Parades Commission rules on controversial hunger strike march in Derrylin - IRA clothes and flags banned

By Claire Cromie

The Parades Commission has ruled on a huge march to commemorate republican hunger strikers - banning any IRA clothes, flags, banners and symbols.

More than 10,000 people are set to take part in the contentious event in Derrylin, Co Fermanagh on Sunday.

It will mark the anniversaries of the deaths of 10 republican hunger strikers, including Bobby Sands.

Senior unionist Tom Elliott MLA has been scathing of the plans, saying “such vulgar triumphalism is like walking over the graves of the dead.”

The Parades Commission issued its determination on Thursday morning, placing the following conditions on the organisers and participants:

  • "No paramilitary-style clothing is to be worn at any time during the parade and flags, bannerettes and symbols relating to a proscribed organisation shall in no circumstances be displayed.
  • Musical instruments must not bear any inscription or mark of a proscribed organisation, or depict weaponry of any kind.

There have been calls for the parade to be called off, including from IRA victim Dianne Woods, whose aunt and uncle were murdered in 1981.

Thomas Bullock (53), an off-duty member of the Ulster Defence Regiment, and his wife Emily (50) were shot near Derrylin.

"It makes me feel sick," she told the Belfast Telegraph.

"There are no words to describe it.
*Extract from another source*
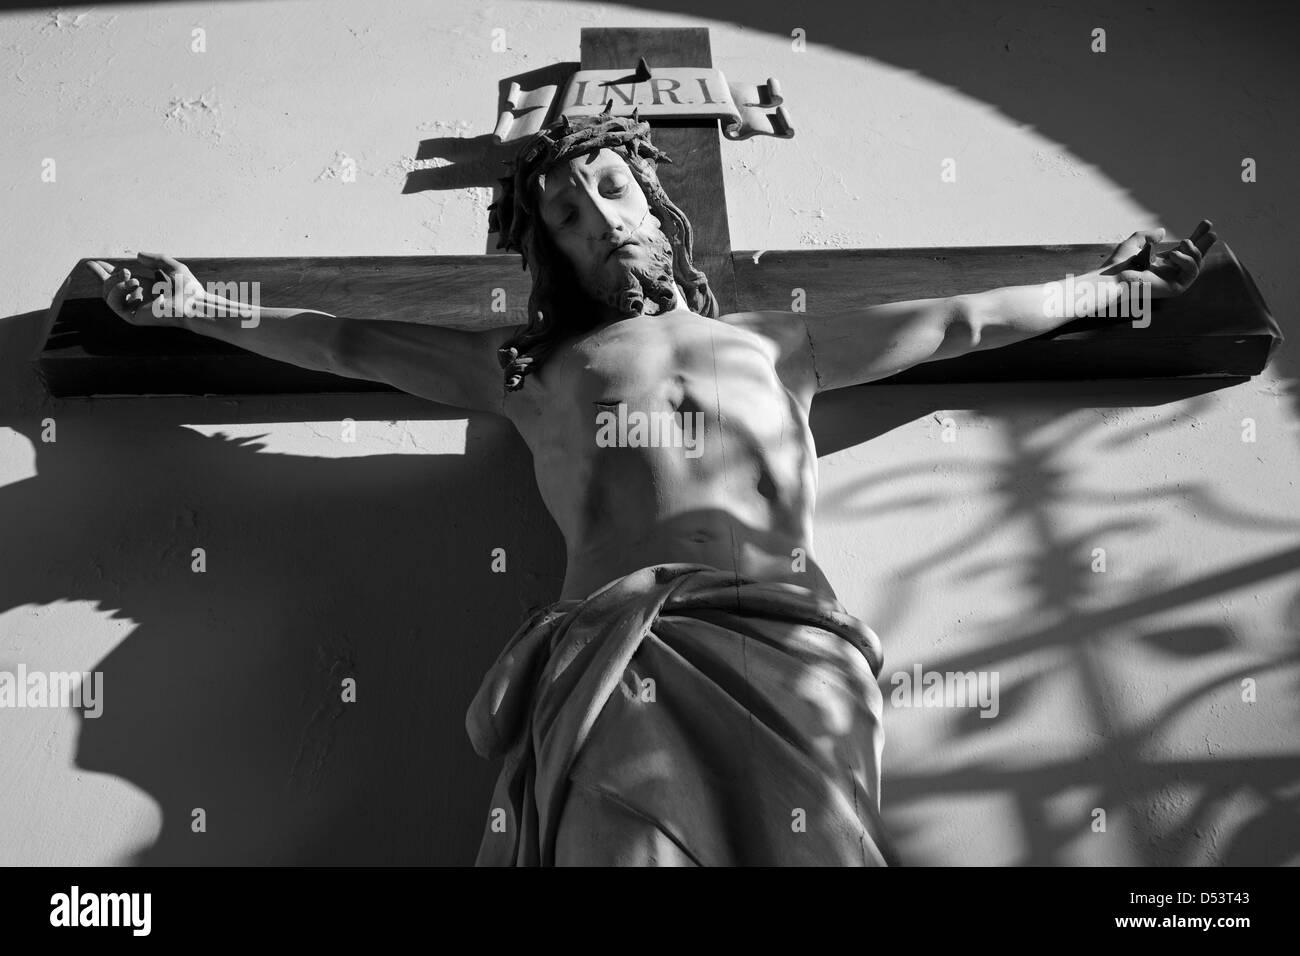 Jesus Christ on the cross from Vienna church Stock Photo

I feel my stomach turning at the minute. It's 42 years ago but it might as well be 42 days.

"It's devastated our family."

Sinn Fein MP Michelle Gildernew has said she is proud the village had been selected for the national hunger strike commemoration,  "given the fact that Bobby Sands was elected to represent this constituency in 1981".

The Parades Commission said in its determination: "The Commission has received representation that the notification of this commemorative parade has caused offence and has led to a re-opening of painful and traumatic memories for individuals who suffered bereavement within the vicinity of Derrylin."

It added: "Whilst the Commission recognises that victims are opposed to this parade in its entirety, the Commission has communicated with them in respect of the organiser's assurances that the route does not directly pass the landmarks which were raised of being as special concern."